简体繁体 English

Python：寻找充当数据库缓存的网络服务器设置的建议

[英]Python: Looking for recommendations for a webserver-setup acting as a database-cache

原文 2020-11-01 11:46:25 8 1 python/ dataframe/ centos7/ gunicorn

I am looking for a lightweight webserver-setup acting as an REST-API cache for multiple external databases.我正在寻找一个轻量级的网络服务器设置，作为多个外部数据库的 REST-API 缓存。

Fixed requirements for the project: use Python3 on CentOS7项目固定需求：在CentOS7上使用Python3

Guideline: Create a lightweight webserver, which needs to be robust and fast指南：创建一个轻量级的网络服务器，它需要健壮和快速

Use-case scenario: During service-start I need to cache data from 10 external database-servers in RAM.用例场景：在服务启动期间，我需要在 RAM 中缓存来自 10 个外部数据库服务器的数据。 Each server has 5 tables with ca.每个服务器有 5 个表，每个表。 100k rows each.每个 100k 行。 So in sum I need to merge the data into 5 tables with ca.所以总而言之，我需要将数据合并到 5 个带有 ca 的表中。 1 mio. 1 米欧。 entries.条目。 Every 10 mins I need to query the servers again to identify new/removed rows and update the cache.每 10 分钟我需要再次查询服务器以识别新/删除的行并更新缓存。 The webserver will receive requests to lookup a single entry from the cache, filtered by table and a given search-condition (like "field_1" ="value_X").网络服务器将接收从缓存中查找单个条目的请求，通过表和给定的搜索条件（如“field_1”=“value_X”）进行过滤。

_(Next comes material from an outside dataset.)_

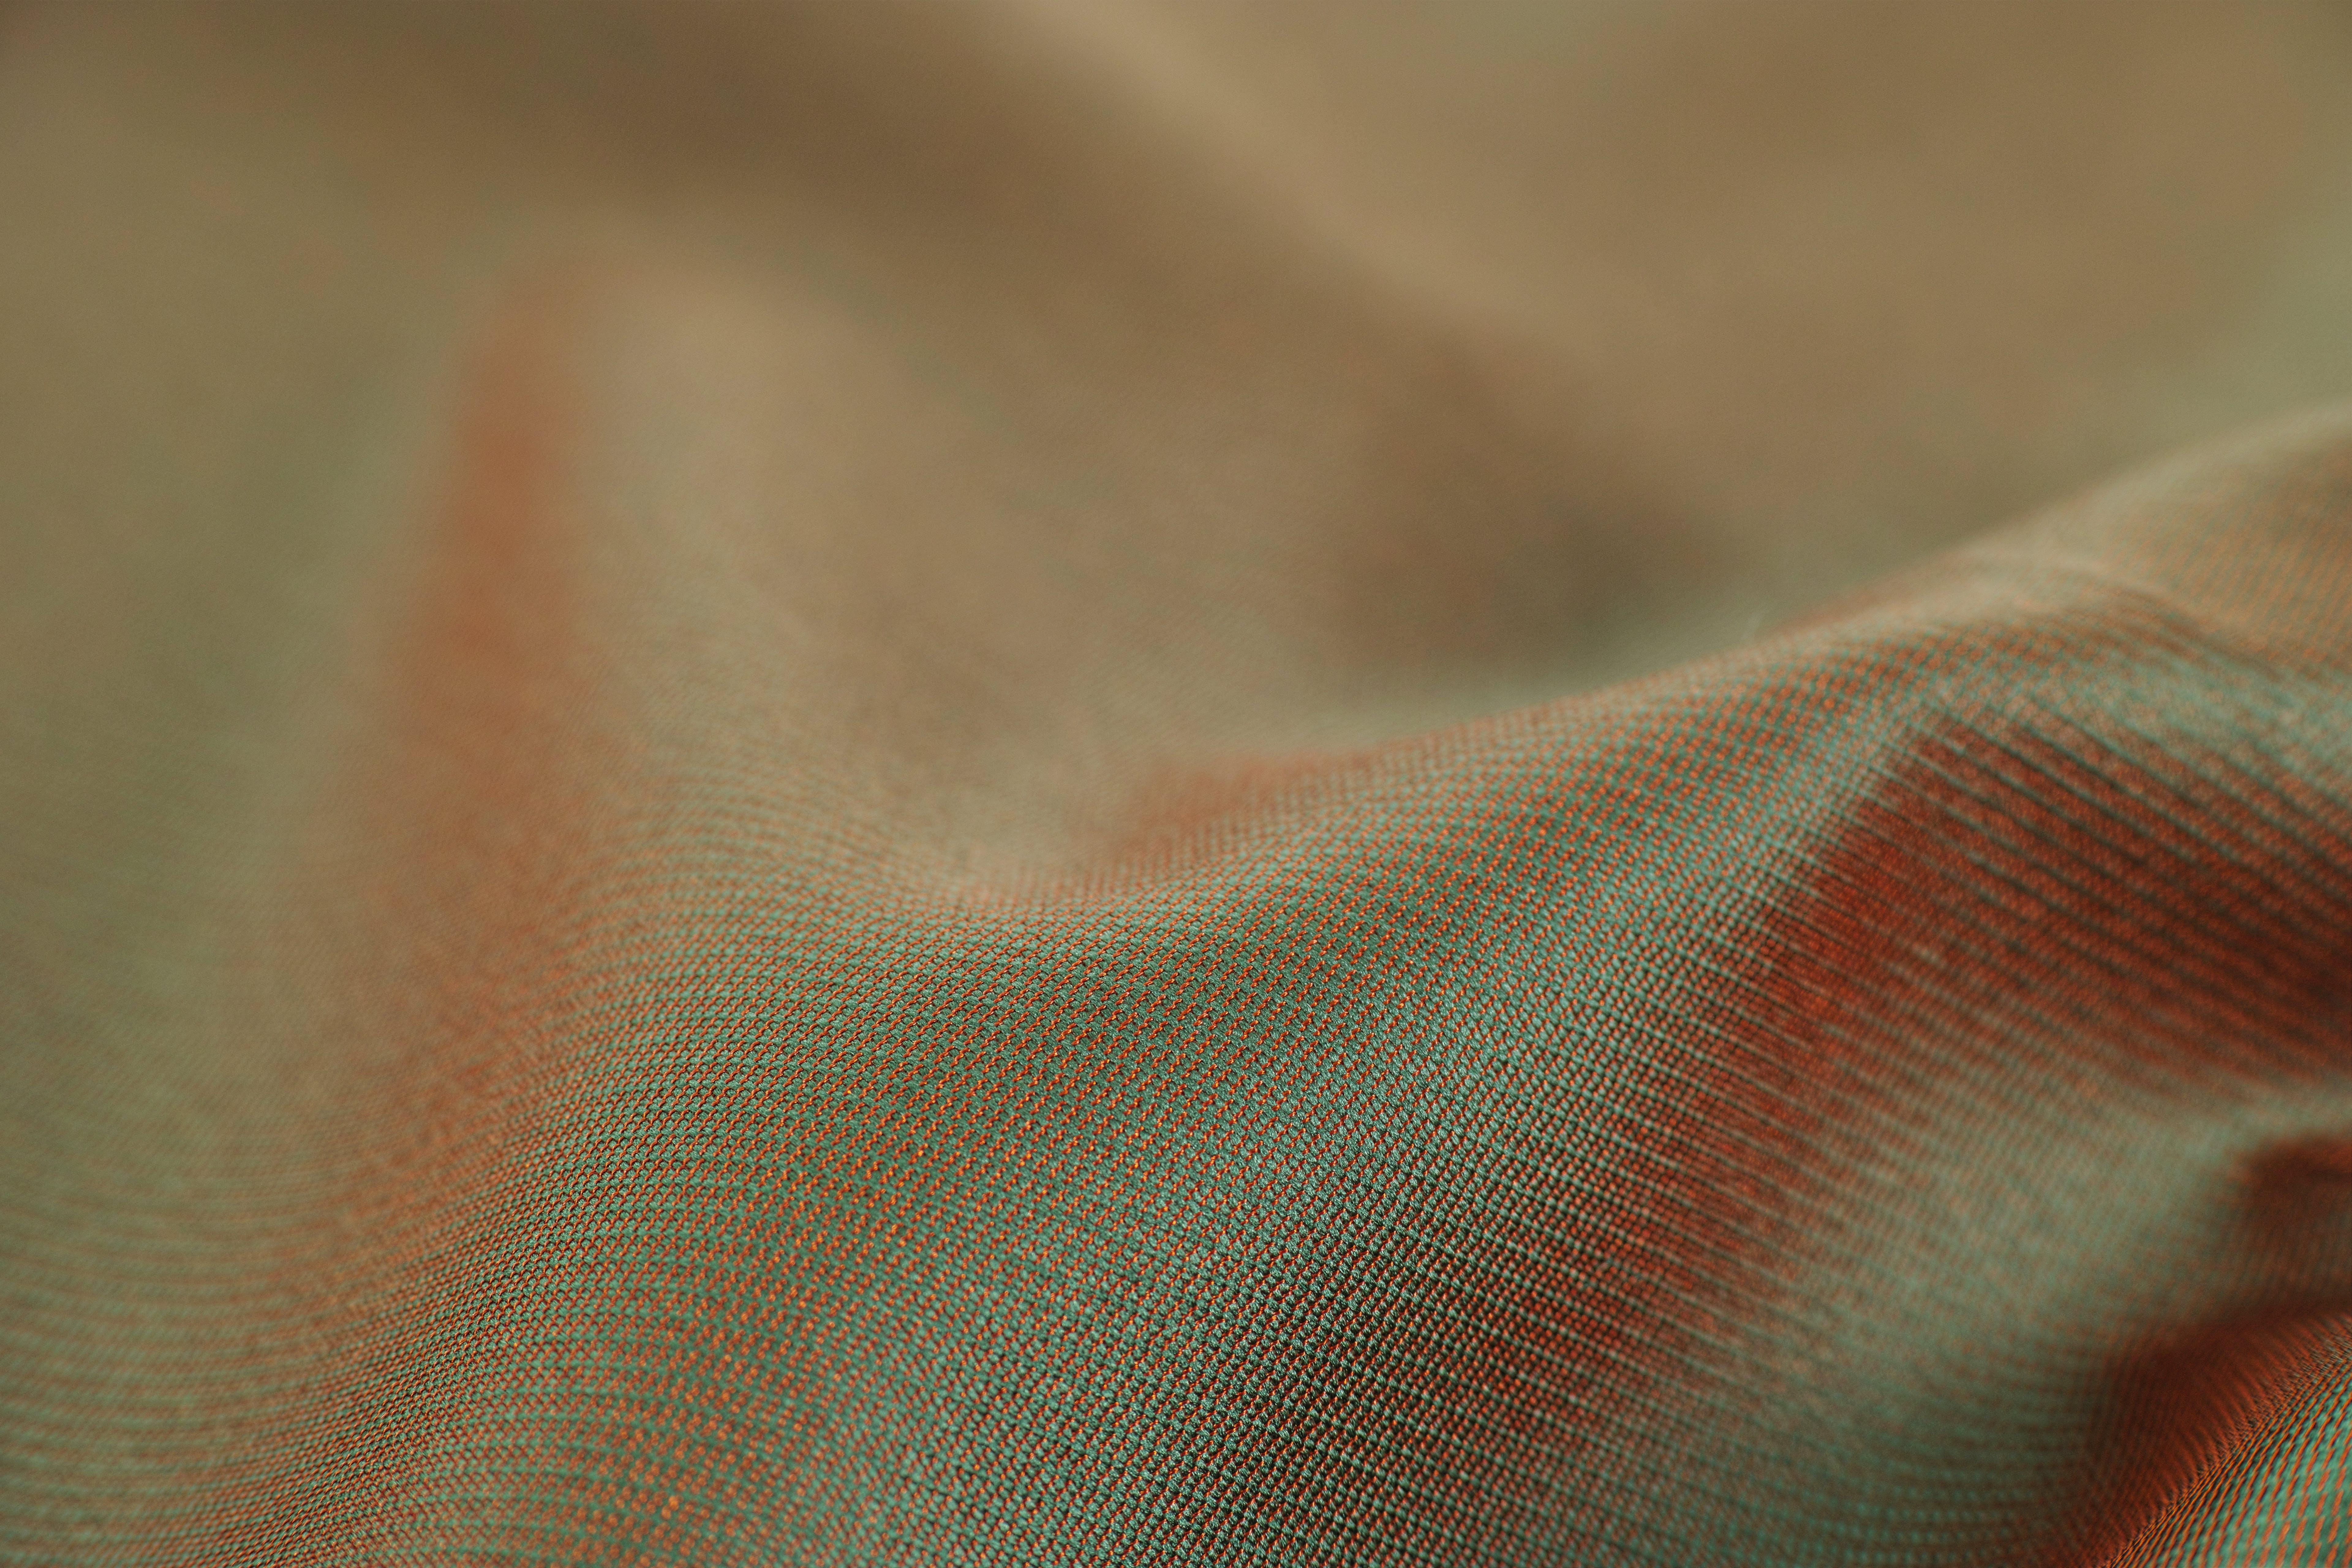 Kostenloses Stock Foto zu kalt, fashion, muster, textur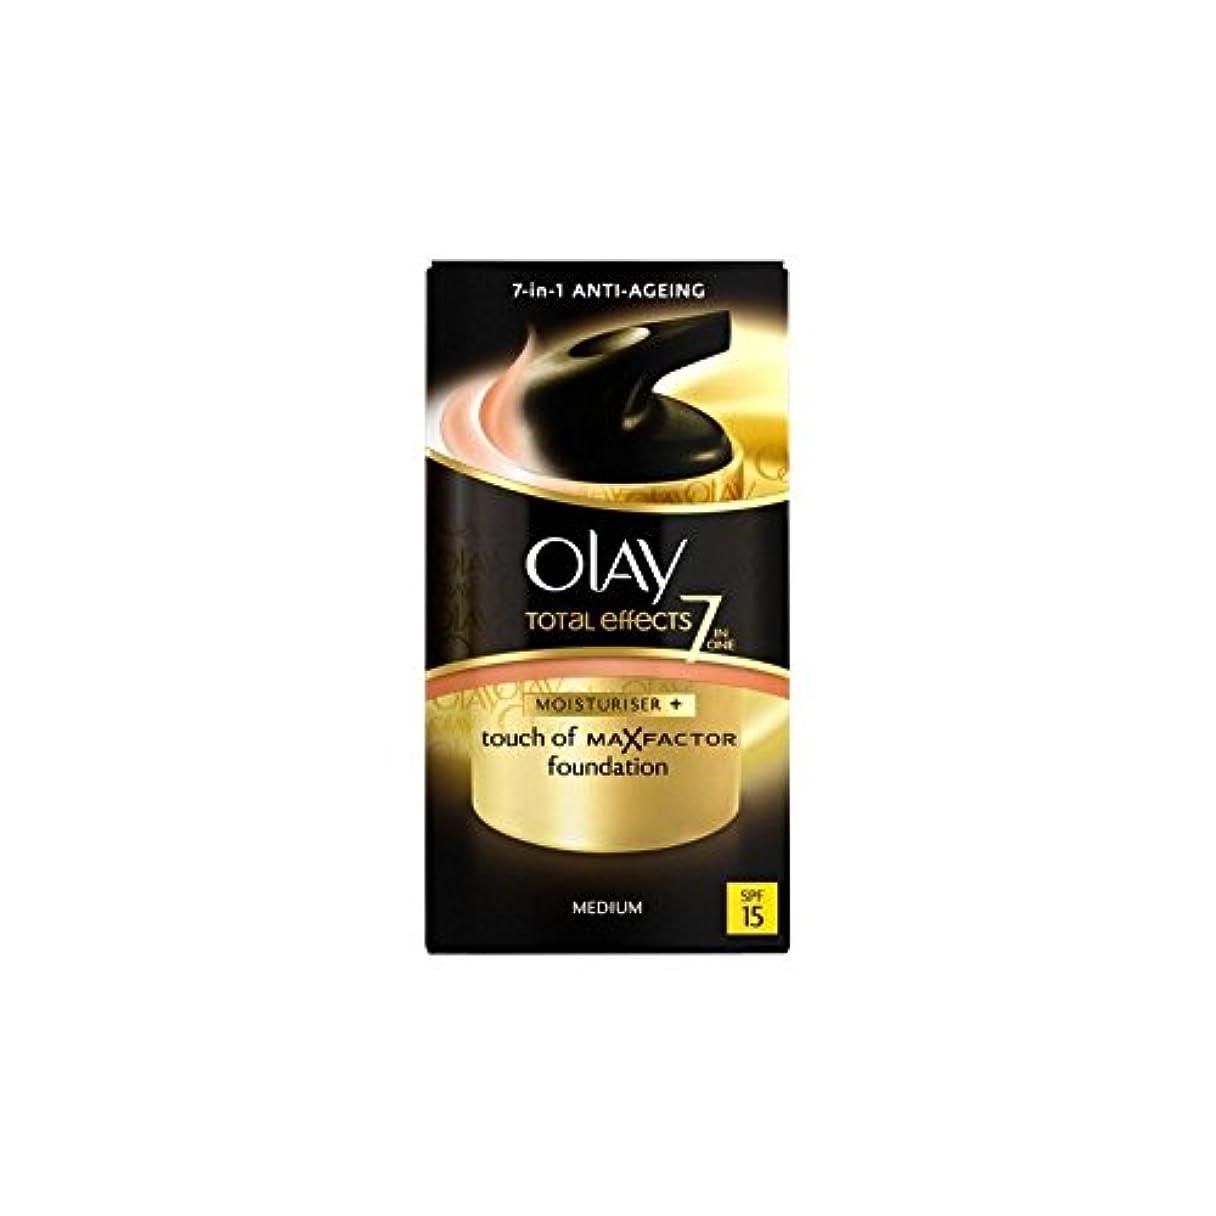 マイルスムーズにソフィーオーレイトータルエフェクト保湿クリーム15 - 培地(50ミリリットル) x2 - Olay Total Effects Moisturiser Bb Cream Spf15 - Medium (50ml) (Pack...

Expected web-load: avg.预期网络负载：平均。 1 request/sec., (rare) peak-load ca. 1 请求/秒，（罕见）峰值负载约。 100 requests/sec. 100 个请求/秒。

Now my question to the above scenario:现在我对上述情况的问题：

I can get the data form the DB-servers as json, xml or csv.我可以从数据库服务器获取 json、xml 或 csv 格式的数据。 Which format is the recommended one for the use case (fast "inserts" into a table with 1 mio rows)?对于用例（快速“插入”到具有 1 个 mio 行的表中），推荐哪种格式？
How shoud I store the data in the memory?我应该如何将数据存储在内存中？ pandas dataframes?熊猫数据框？
In sum, what is the recommended framework for all this?总之，所有这些的推荐框架是什么？ pandas, gunicorn, supervisor & nginx?熊猫、枪械、主管和 nginx？

Many thanks for any input.非常感谢您的任何意见。

1 个解决方案

To deserialize your data, CSV will be the fastest method in most cases.在大多数情况下，要反序列化您的数据， CSV 将是最快的方法。 This allows you to read multiple lines in different threads and reduces complexity.这允许您读取不同线程中的多行并降低复杂性。

To store the data, I would recommend going either with the most performant solution, which likely is using an existing (No)SQL database implementation, or going the programatically easier way using SQLite in-memory database.为了存储数据，我建议使用性能最高的解决方案，这可能是使用现有的 (No)SQL 数据库实现，或者使用 SQLite 内存数据库以编程方式更简单。 Pandas is better for analysis, while I understand that you want to get a similar functionality like a normal DBMS to just fetch data. Pandas 更适合分析，而我知道您希望获得类似于普通 DBMS 的类似功能来获取数据。 SQLite is faster (and easier) than Pandas for those use cases.对于这些用例， SQLite比 Pandas 更快（也更容易）。

In your use case, I would recommend using the FastAPI library for servicing the API automatically in multiple threads within Python.在您的用例中，我建议使用FastAPI 库在 Python 中的多个线程中自动为 API 提供服务。 You do not need another webserver in front of it, unless you want to do caching there.你不需要在它前面有另一个网络服务器，除非你想在那里做缓存。 The script can access the in-memory database or dedicated DBMS application from within those threads.该脚本可以从这些线程中访问内存数据库或专用 DBMS 应用程序。 Using supervisor depends on your use case - inside a Container or if the script runs as a service it will not be needed.使用 supervisor 取决于您的用例 - 在容器内或者如果脚本作为服务运行，则不需要它。